UK house prices fall at fastest rate since July 2009
Good morning, and welcome to our rolling coverage of business, the financial markets and the world economy.
UK house prices have fallen at their fastest rate since July 2009 as rising interest rates cool the property market.
Nationwide has reported this morning that the average house price fell by 3.8% year-on-year in July, the biggest drop since the aftermath of the financial crisis.
That’s an increase on the 3.5% annual drop in house prices in June, and takes the price of a typical home down to 4.5% below the August 2022 peak.
Prices dipped by 0.2% in July alone, on a seasonally adjusted basis, to an average of £260,828, down from £262,239.
Robert Gardner, Nationwide’s chief economist, says the increase in interest rates in recent months have made it more challenging for prospective buyers to afford a mortgage on a new home.
Gardner explains:
For example, a prospective buyer, earning the average wage and looking to buy the typical first-time buyer property with a 20% deposit, would see monthly mortgage payments account for 43% of their take home pay (assuming a 6% mortgage rate). This is up from 32% a year ago and well above the long-run average of 29%.

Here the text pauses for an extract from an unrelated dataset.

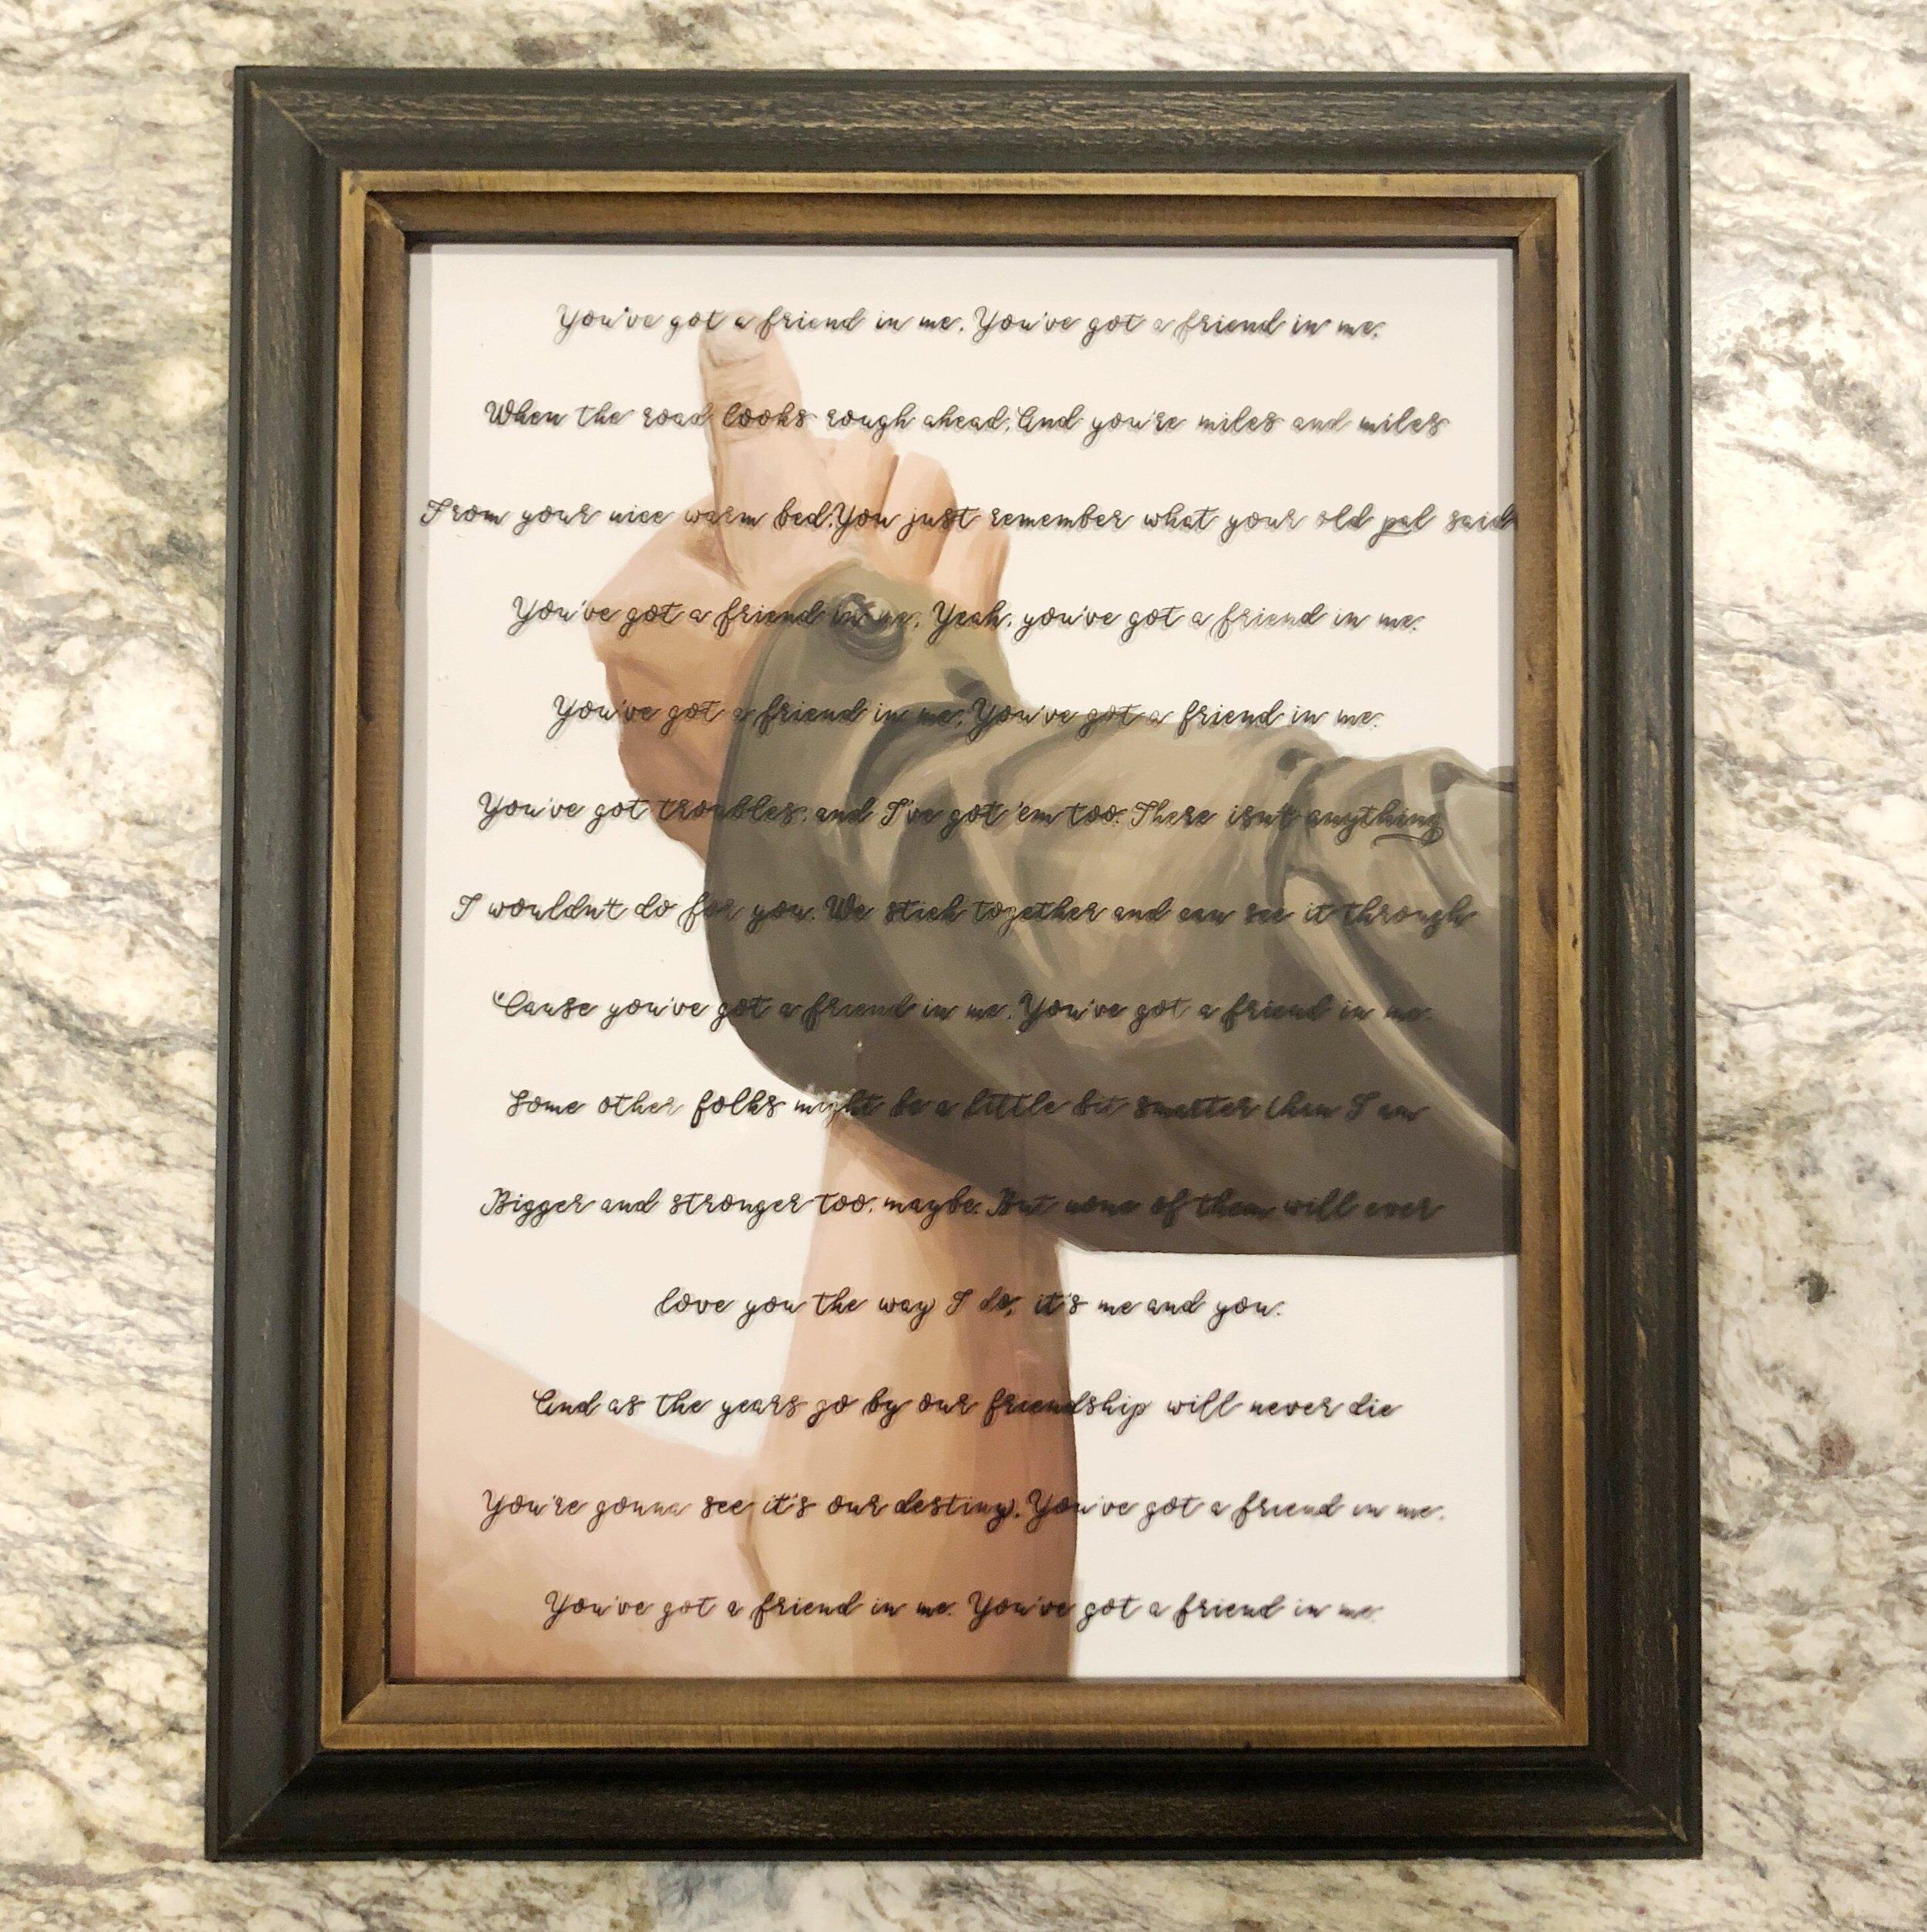 Central PA, York PA, JesSmith Designs, custom, wedding, invitations, bridal, announcements, save the date, baby, hanover, calligraphy, baltimore, wedding invitations, lancaster, gettysburg-04-05 20.53.49.jpg

Moreover, deposit requirements continue to present a high hurdle – with a 10% deposit equivalent to 55% of gross annual average income.
This challenging affordability picture helps to explain why housing market activity has been subdued in recent months. There were 86,000 completed housing transactions in June, 15% below the levels prevailing the same time last year and around 10% below pre-pandemic levels.
More timely mortgage approval data showed a slight increase in activity in June, though most of these applications will pre-date the more recent rise in longer term interest rates. Moreover, activity is still c20% below 2019 levels.
Data from the Bank of England yesterday showed that mortgage approvals in the UK rose to their highest level since October 2022 last month.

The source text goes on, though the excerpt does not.